2022 Alabama Elections

JeffCo Probate Judge: Tightened Security Will Delay Voting Returns in the Primaries

Residents vote in the 2020 Hoover city election. (Photo by Solomon Crenshaw Jr.)

UPDATED — Jefferson County’s chief election official is warning that a new voting security measure will delay returns from the May 24 primary elections.

Probate Judge James Naftel said Friday that county officials have worked with Secretary of State officials to find a way to expedite returns.

At issue is a new security measure imposed by Secretary of State John Merrill that moves all precinct returns to central computers provided by his office. These two computers cannot be connected to a network and therefore cannot communicate with each other, so there will not be any results released until all precincts have reported and all results are in, Naftel said.

Thursday he said the county would have only one such computer, but Friday he said it had been determined that two election reporting management computers could be used as central hubs for voting returns. One will be at Birmingham and the other at Bessemer. “This will speed things up,” compared to having one computer, he added.

Previously, the chief voting inspector at each of the county’s 175 precincts delivered a data stick from their ballot counting machines to five locations in the county, where the data then was sent over a central network to the main computer.

Merrill’s security move prohibits the voting data sticks from being processed at multiple locations, but his office has agreed to the two locations.

The chief election official will still deliver the sticks to one of the five locations, but they will not be processed there.

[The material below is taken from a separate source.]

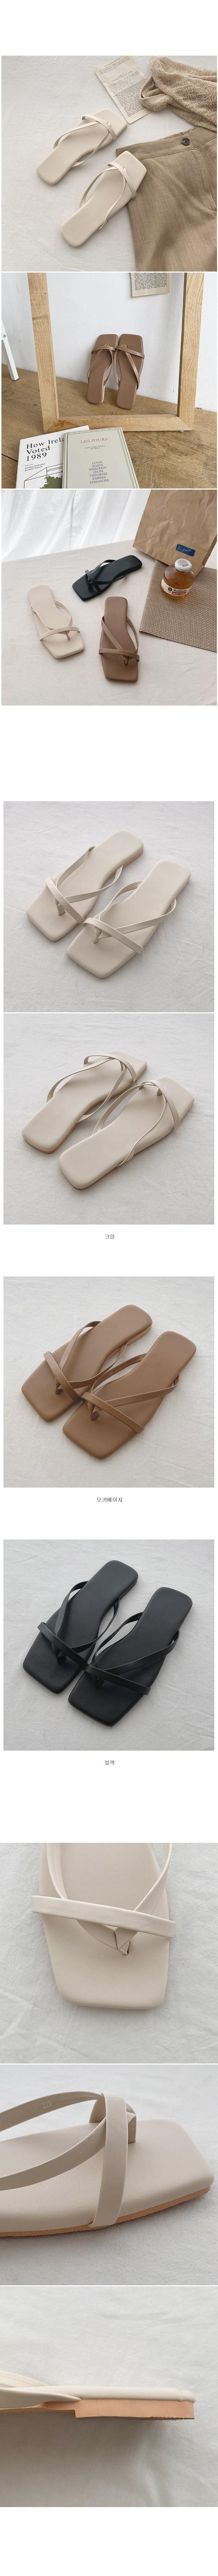 On the slipper sandals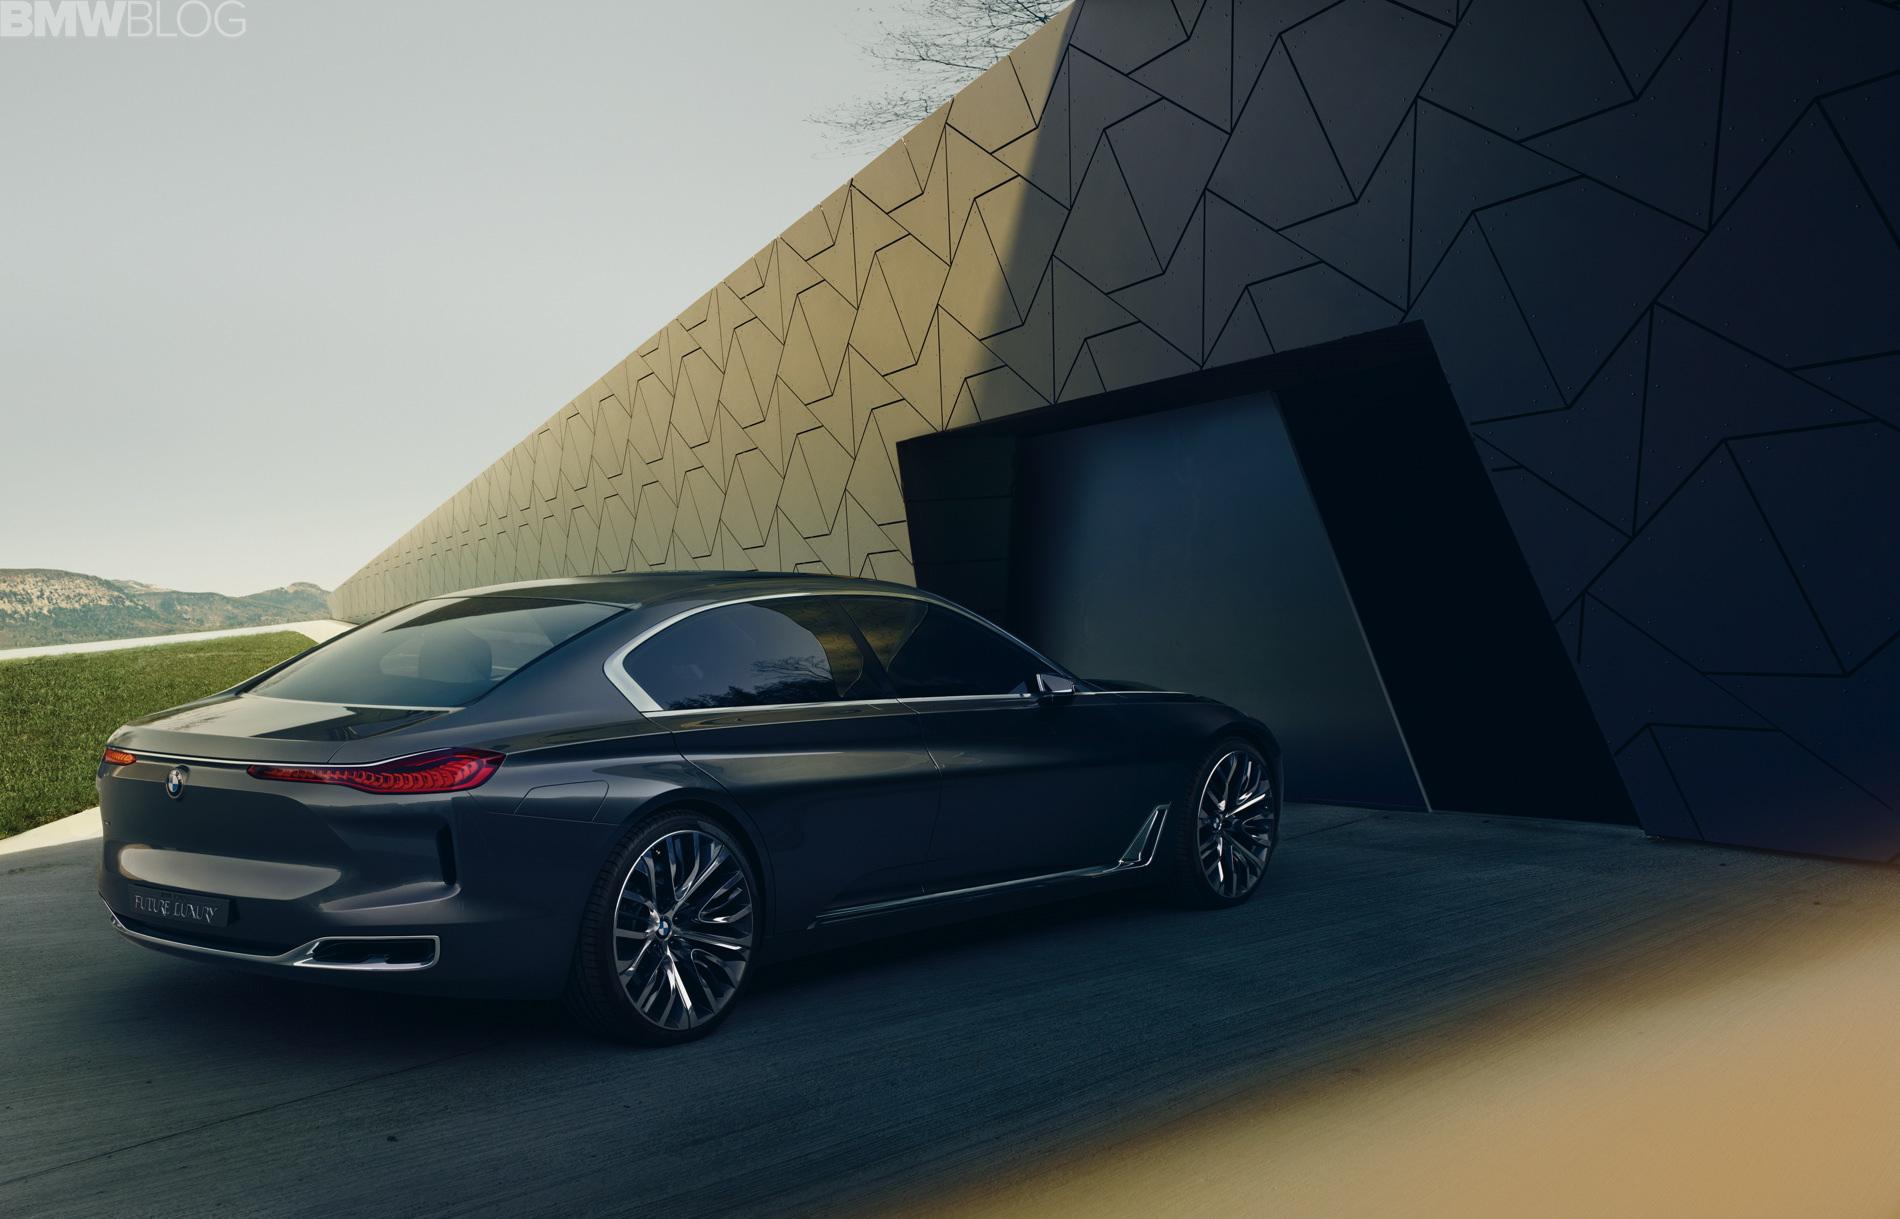 bmw-vision-future-luxury-38

Instead, a county deputy will deliver the sticks to the downtown courthouse or Bessemer computers.

Paper copies of the precinct returns also still will be posted on the doors of each polling place and in the Birmingham courthouse jury assembly room, but the public should not look for updated election results as the evening goes on.

“We cannot stop the computers for updates or snapshots of the results,“ Naftel said. “We cannot waste the time.”

The measure is to ensure that results have not been contaminated, Naftel said. “So, election night is going to be slower this year.”

The five centers are at the Gardendale Civic Center, the Center Point courthouse, the Bessemer sheriff’s office, Trinity United Methodist Church in Homewood and the Birmingham courthouse.

On election night, the sheriff is by law in charge of all returns.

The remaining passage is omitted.